170 A.2d 726, 148 Conn. 288, 1961 Conn. LEXIS 177
CourtSupreme Court of Connecticut
DecidedApril 20, 1961
StatusPublished
Cited by21 cases

This text of 170 A.2d 726 (Catalano v. Catalano) is published on Counsel Stack Legal Research, covering Supreme Court of Connecticut primary law. Counsel Stack provides free access to over 12 million legal documents including statutes, case law, regulations, and constitutions.

Bluebook
Catalano v. Catalano, 170 A.2d 726, 148 Conn. 288, 1961 Conn. LEXIS 177 (Colo. 1961).

Opinions

Murphy, J.

The plaintiff appealed to the Superior Court from the action of the Probate Court for the district of Hartford in denying her application for a widow’s allowance for support from the estate of Fred Catalano. The parties have stipulated as to the facts, and the Superior Court has reserved the matter for the advice of this court.1

The material facts are these: Fred Catalano, a widower and citizen of this state, was married on December 8, 1951, in Italy to the plaintiff, his niece, an Italian subject. Such a marriage was prohibited by § 87 of the Italian Civil Code, but since the parties obtained a legal dispensation for the marriage from the Italian authorities, it was valid in Italy. Fred returned to this country. The plaintiff remained in Italy until 1956, when she joined Fred and they came to Hartford, where they lived as husband and wife until his death in 1958. A son was born to the couple. The plaintiff claims to be the surviving spouse of the decedent and, as such, entitled to an allowance for support under the provisions of § 45-250 of the General Statutes.

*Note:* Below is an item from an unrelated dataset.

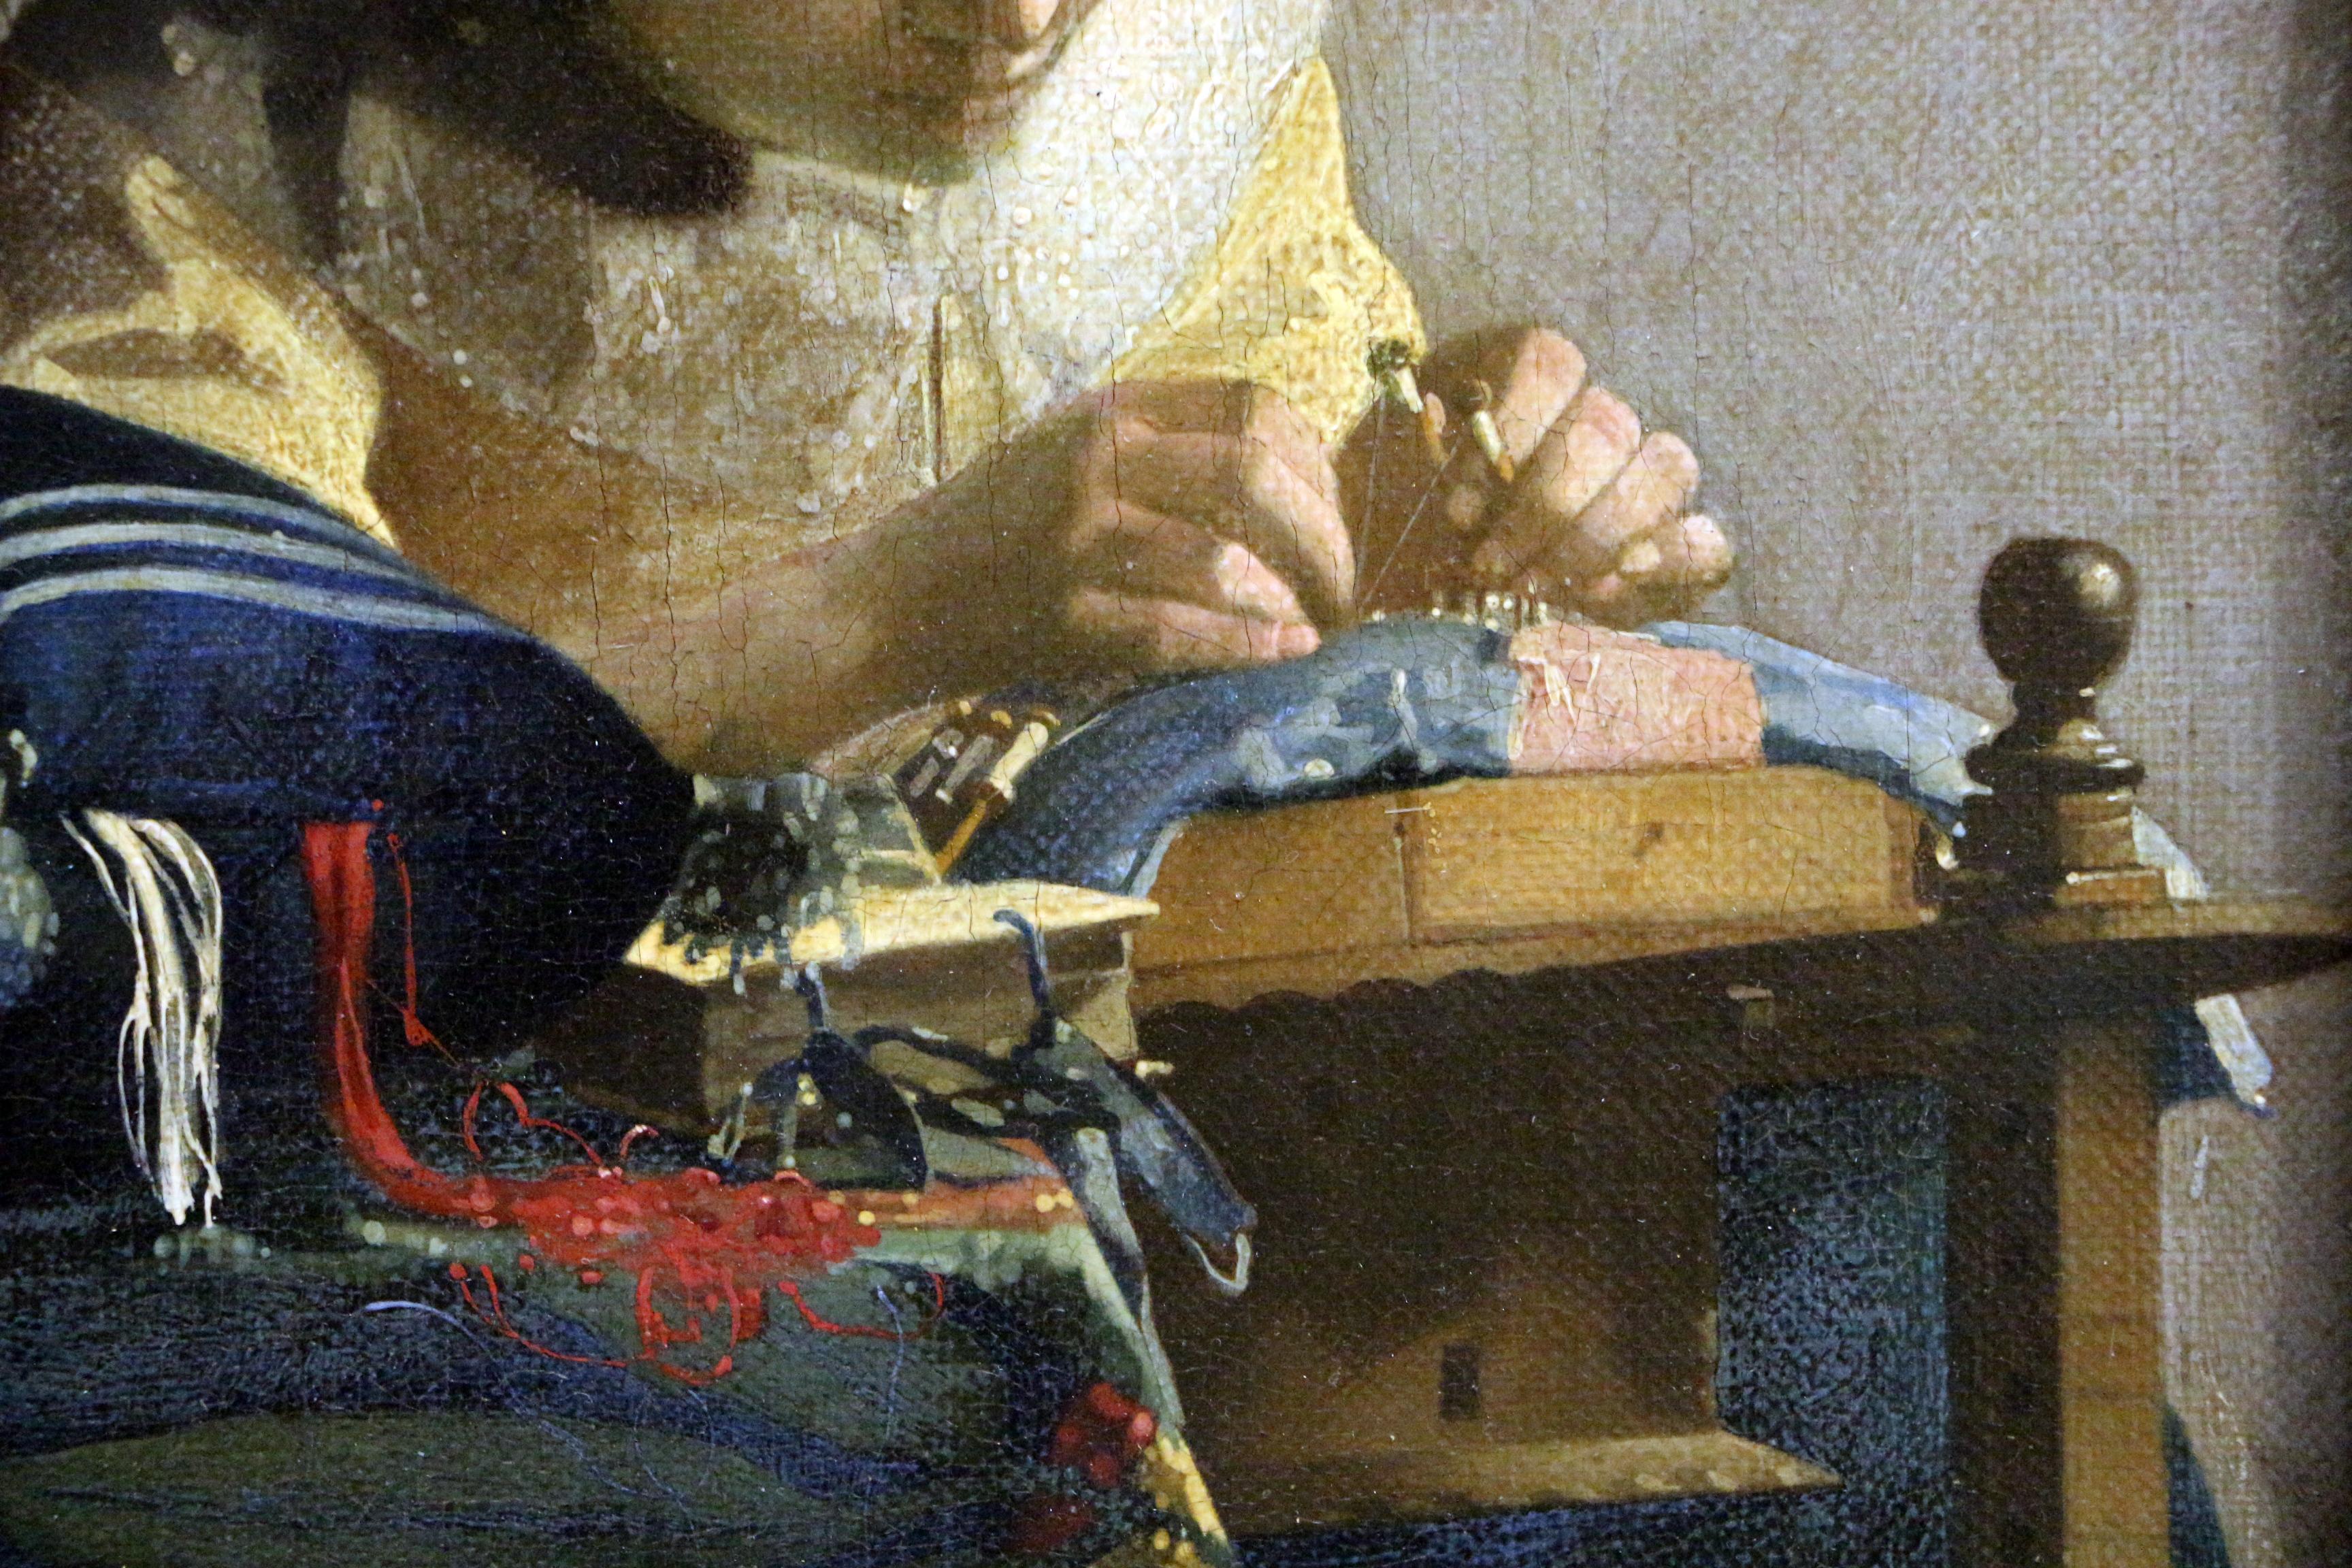 File:Johannes vermeer, la merlettaia (dentellière), 1669-70 ca.
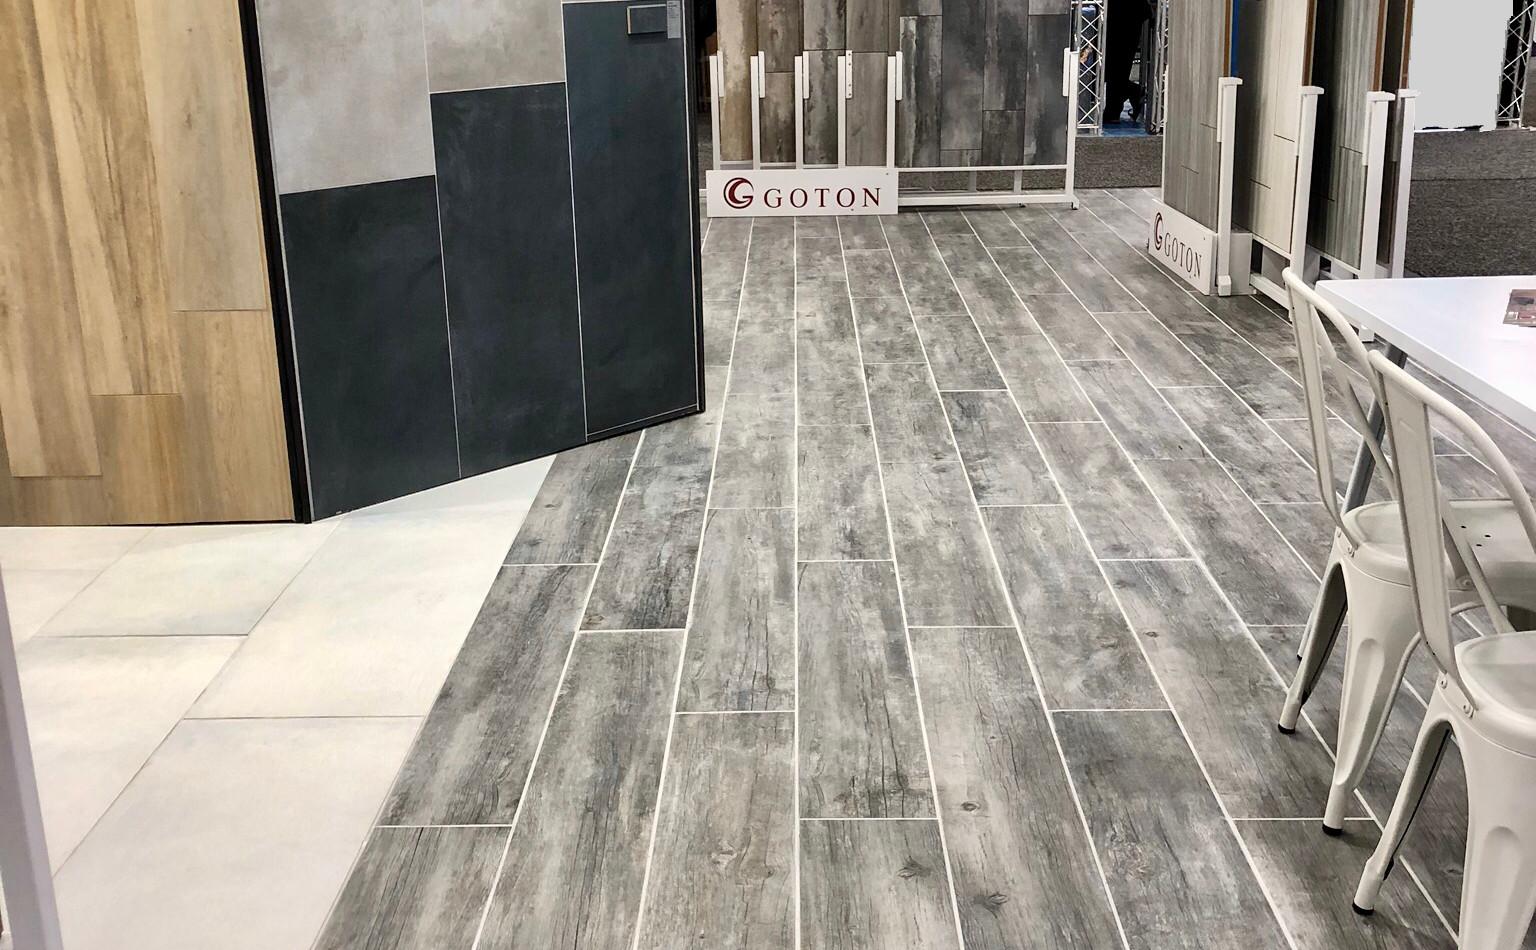 Vintage installed on the floor

The determination of the question propounded [290]*290depends upon the interrelation and judicial interpretation of three statutes, §§ 46-1, 46-6 and 53-223.2 Legislation prohibiting the marriage of uncle and niece was originally enacted by the General Assembly in 1702 as part of “An Act to prevent Incestuous Marriages.” Statutes, 1702-1733, p. 74; see Gould v. Gould, 78 Conn. 242, 246, 61 A. 604. It provided that no man should marry any woman within the degrees of kindred specified, including that of uncle and niece, and that any such marriage was null and void. In the Revision of 1875, the language now appearing in § 46-1 was adopted. Rev. 1875, p. 185, § 1. It has been the declared public policy of this state continuously since 1702 to prohibit marriages of uncle and niece and declare them void.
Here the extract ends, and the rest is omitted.